A plurality of integrated model becomes a model called the Integrated evaluator for each model, the composition of the evaluator is called an integrated group evaluator .
Here Insert Picture Description
The "combination" of this embodiment mainly has the following two: bagging (on Bagging), lifting method (Boosting)
on Bagging and Boosting for individual learner same type, such integration is homogeneous ; and for different types of individual learner, such integration is heterogeneous .

According to the homogeneity of the weak learners if there is a dependency between homogeneity can be integrated classification categories:

  • Exists between the weak learner strong dependency, a series of weak learner basically required Serial generated (the weak learner is a result of the processing of weak learners) representative algorithm is a series of Boosting algorithms;
  • No difference between the weak learner strong dependencies can be a series of weak learner generated in parallel , (weak learner co-treatment, independent of each other) algorithm is representative of Bagging family of algorithms.
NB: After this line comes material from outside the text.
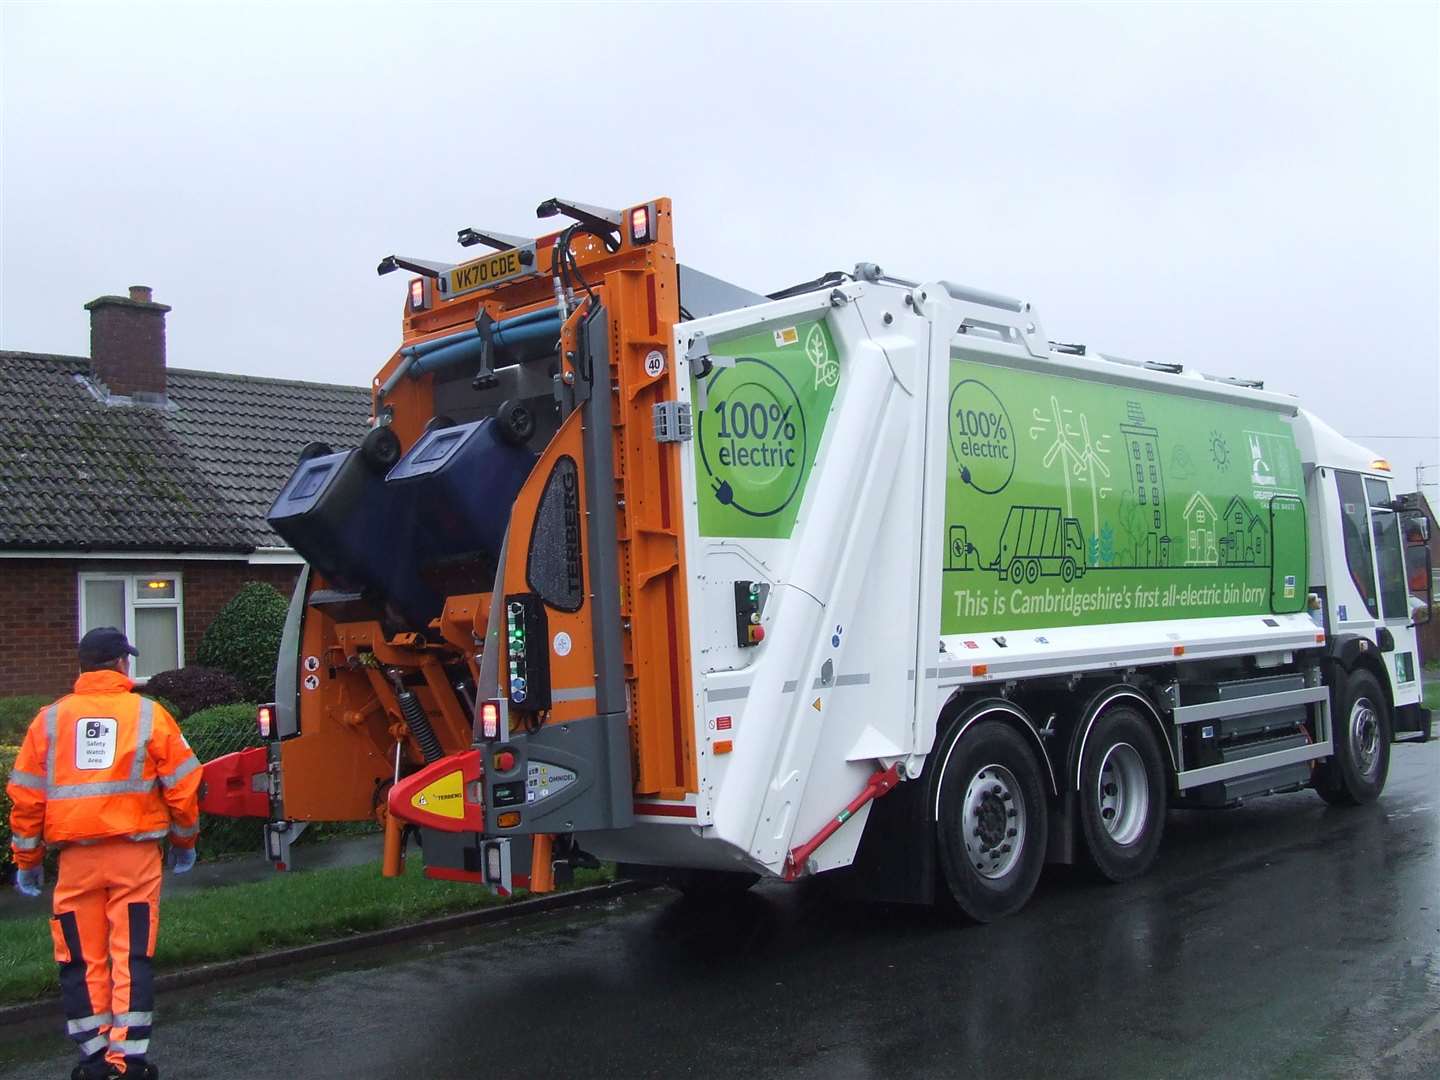 New electric bin vehicles could come to Swale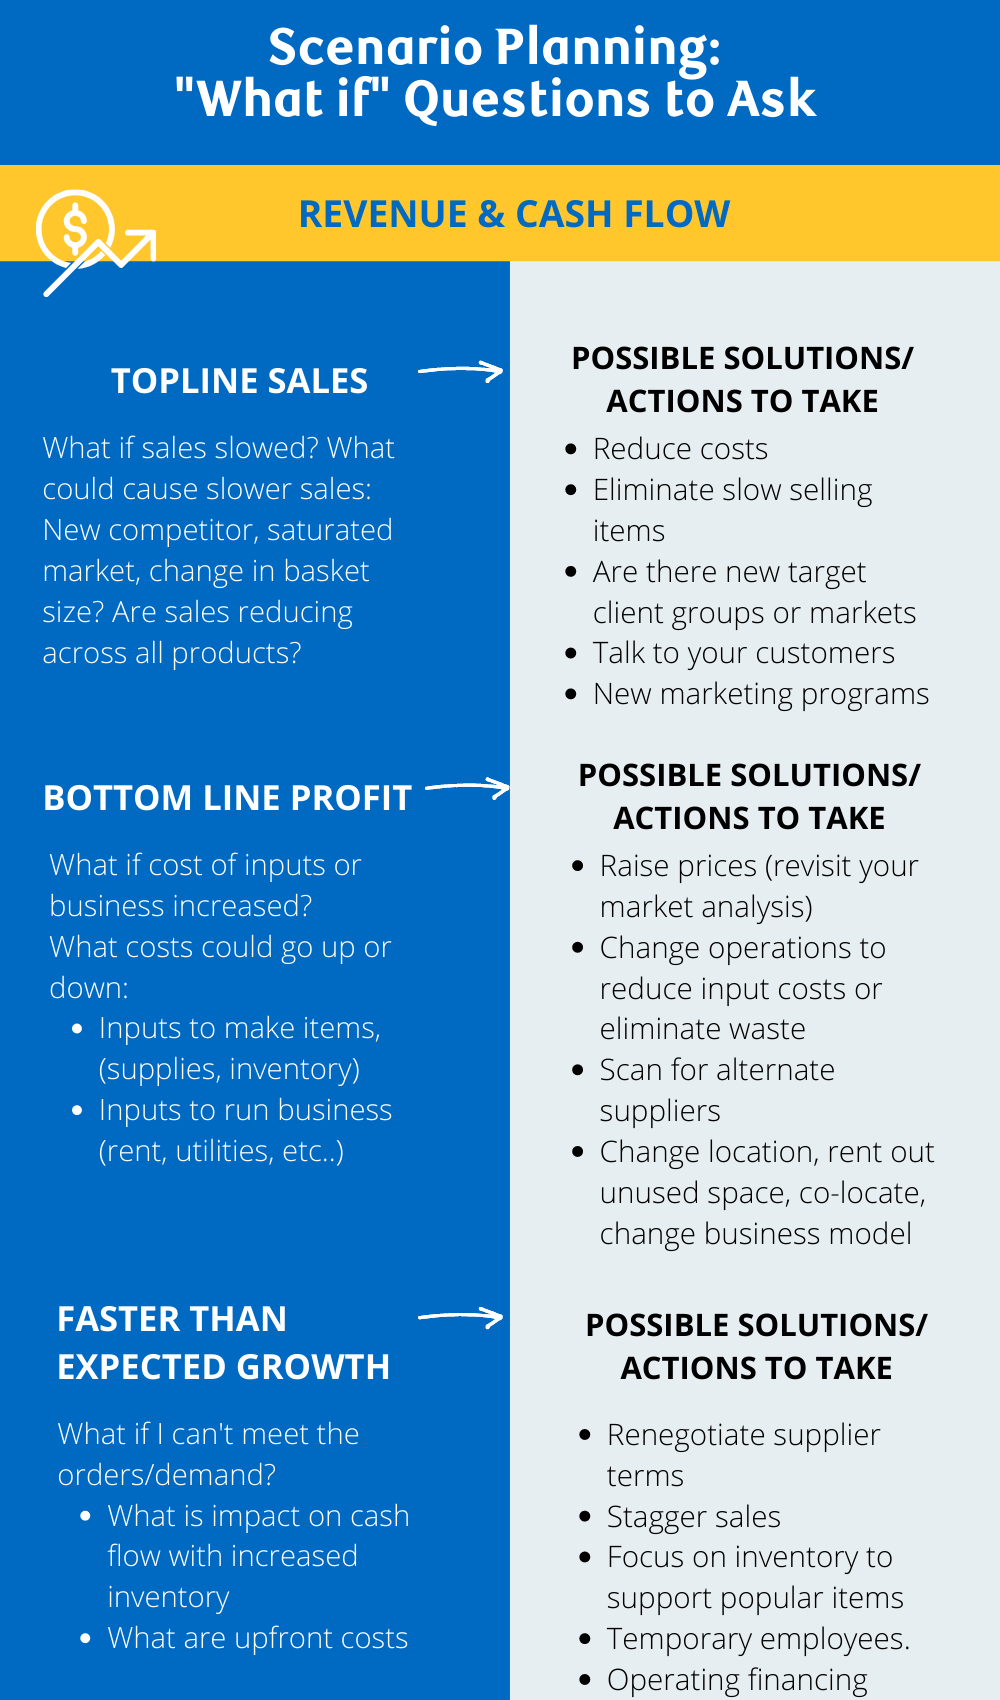 RBC Small Business Talks infographic

Here Insert Picture Description

Bagging

By random sampling data back there is , different data will produce different models, T T will produce a data model, and then through some binding policy obtained results of these binding models.
Here Insert Picture Description
About 1/3 of the data is not checked, the random forest (random forests have OOB), it can be tested, no separate cross-validation set is divided.
Here Insert Picture Description

Integration Strategy

Average method

Whichever is the mean as output.
Here Insert Picture Description

Voting Act

Majority.
Here Insert Picture Description

Learning

stacking: the M primary learner as the new data, and then placed in a new model (secondary learner) in learning, the final result obtained. The results of such random forest into linear regression, multiple models superimposed to obtain a final result.
Here Insert Picture Description

Boosting

Bagging between the weak learner is no dependency, and there is a dependency relationship between Boosting weak learner, so that weak learner is generated serially, using the results of the previous step.
First with the weak learners to train, the results were compared with the true value of the prediction error values given greater weight, and then placed under a weak learners in training, in order to reciprocate.
Here Insert Picture Description

Bagging and Boosting compare

On Bagging : small variance (strong generalization), large deviations (accuracy weak learners not), so in order to improve the fitting ability of the weak learner reduce flicker, select a depth larger tree (tree large depth It is over-fitting, just make up a small deviation characteristic).
On Boosting : large variance (generalization weak), small deviations (accuracy weak learners may be), so fitting in order to reduce weak learning variance reduction, decision trees to select a smaller depth (the depth of small depth relative to the the larger is less fit, just to make up a large dispersion characteristic).
When this random forests and GBDT parameter adjustment, the magnitude of the depth of the decision tree can also be achieved .
Here Insert Picture Description
Here Insert Picture Description

Random Forests

Bagging is a decision tree and random forest product of the combination. But the addition of some features of its own:

  • Bagging compared to only data of the number of random sampling, random forests has increased random sampling features.
  • Decision tree is used in CART, because the feature is randomly selected (model into a number less than the number of features characteristic data of the original), and therefore random forest CART tree than normal CART smaller scale, the training set and test set similar results, robust better.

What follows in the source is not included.